Aim of the task.
In the data below, locate the line containing "Wedding decorations reception" and the line containing "Location Kerlouan Chambre vue sur mer", then retype both and everything between them exactly. Pictures are not part of the copy.

Extracted material.
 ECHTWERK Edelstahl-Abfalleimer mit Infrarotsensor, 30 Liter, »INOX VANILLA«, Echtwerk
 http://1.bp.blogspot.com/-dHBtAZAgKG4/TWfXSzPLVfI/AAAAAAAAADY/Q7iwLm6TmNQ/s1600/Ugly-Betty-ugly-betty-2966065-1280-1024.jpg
...
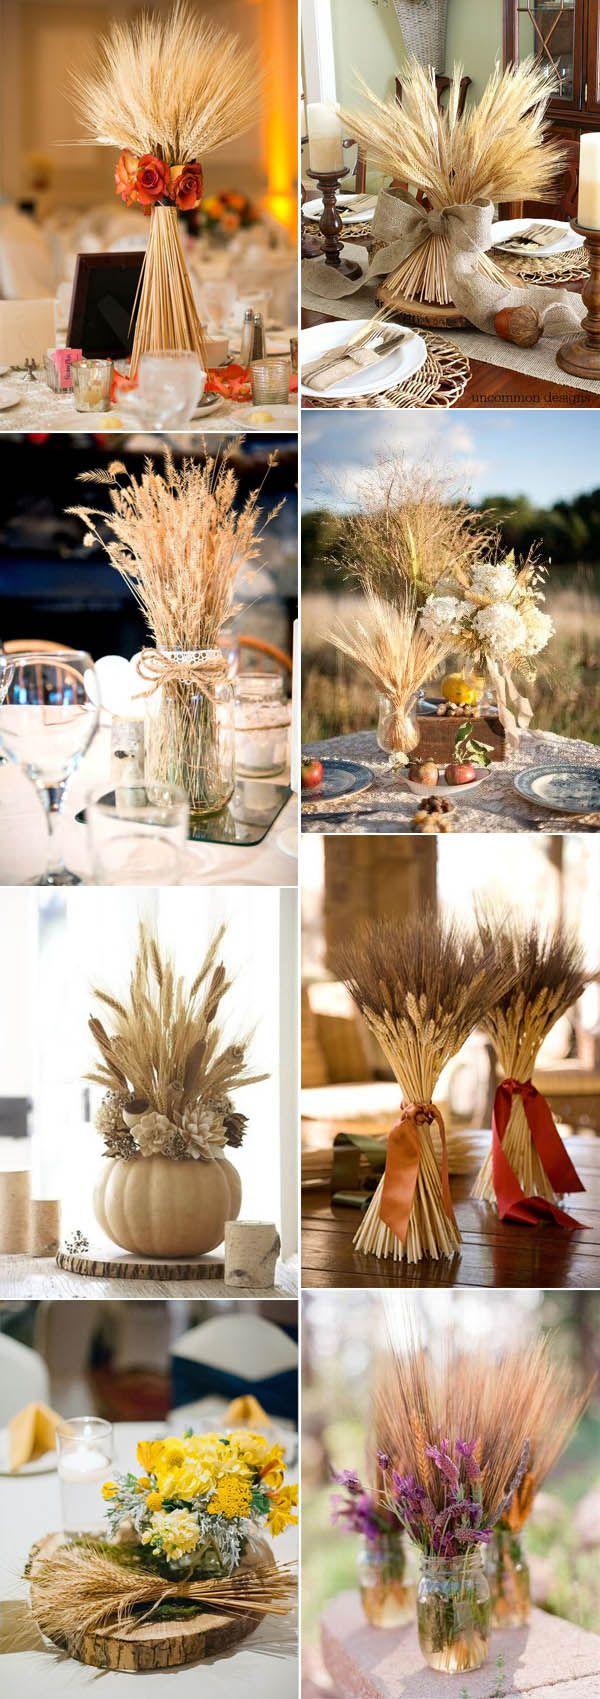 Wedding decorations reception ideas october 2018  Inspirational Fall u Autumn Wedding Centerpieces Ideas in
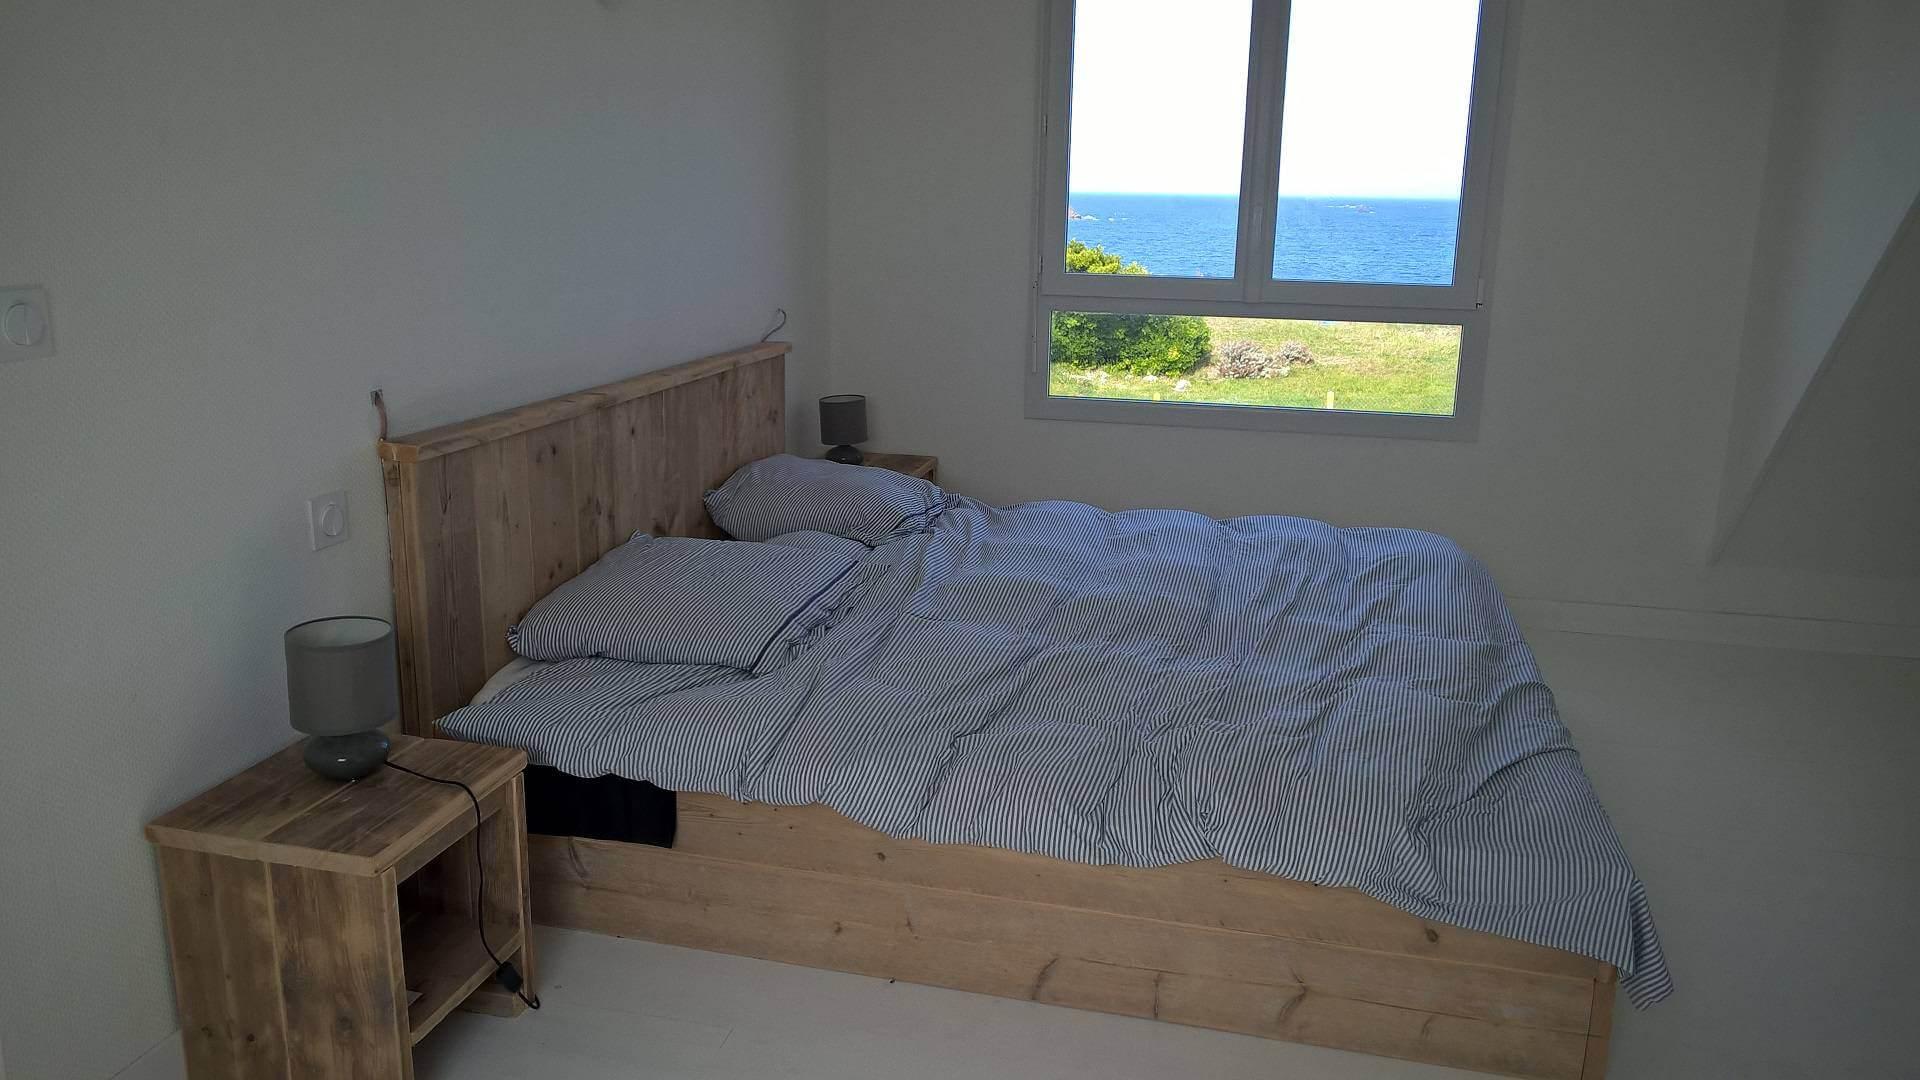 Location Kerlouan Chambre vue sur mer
---
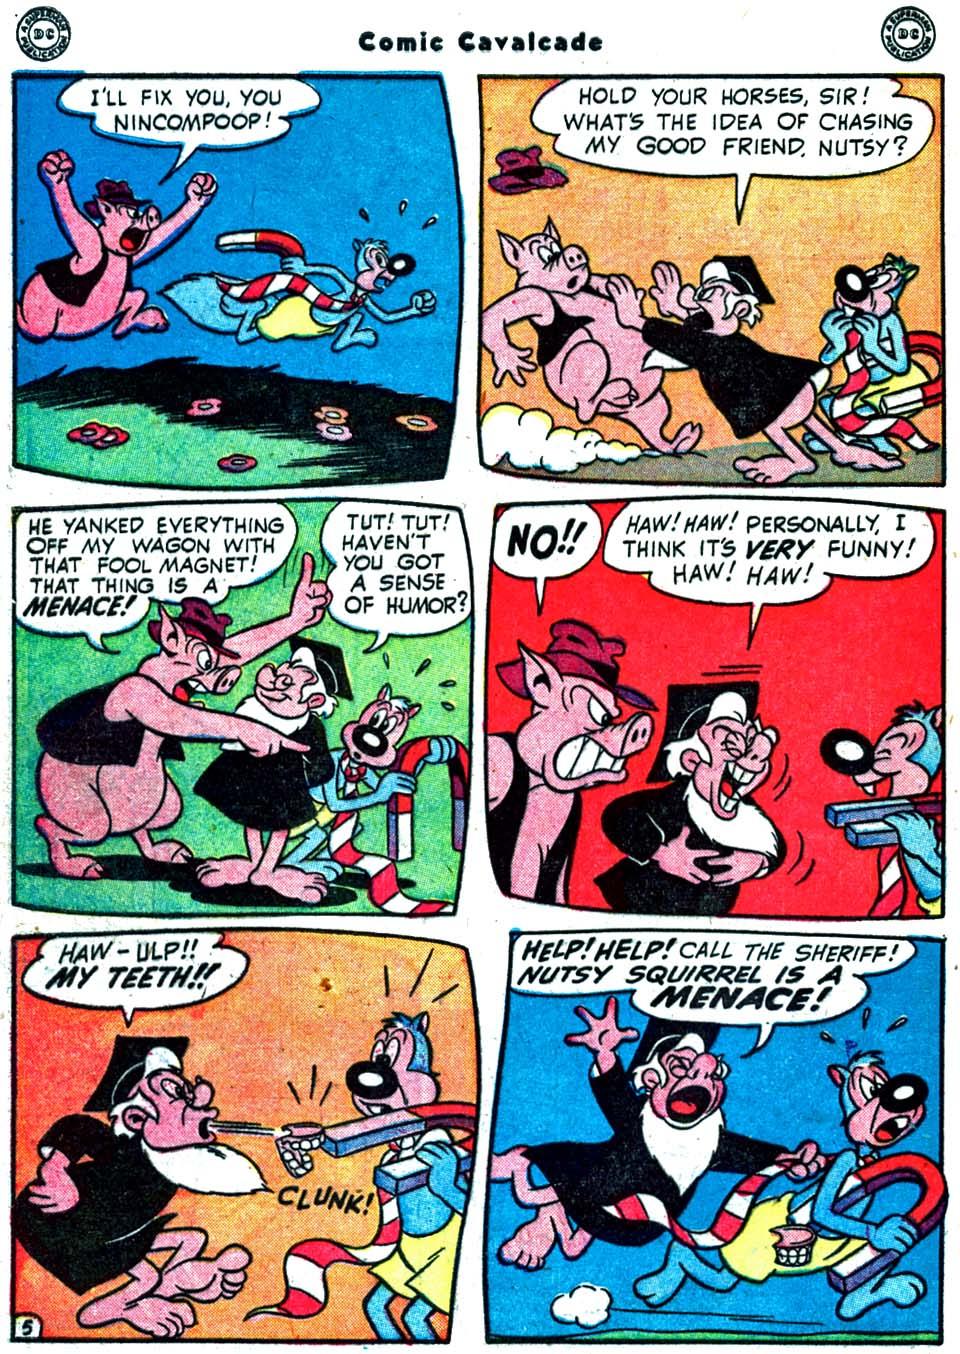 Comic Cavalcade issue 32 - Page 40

Output for this task.
 Wedding decorations reception ideas october 2018  Inspirational Fall u Autumn Wedding Centerpieces Ideas in
 Location Kerlouan Chambre vue sur mer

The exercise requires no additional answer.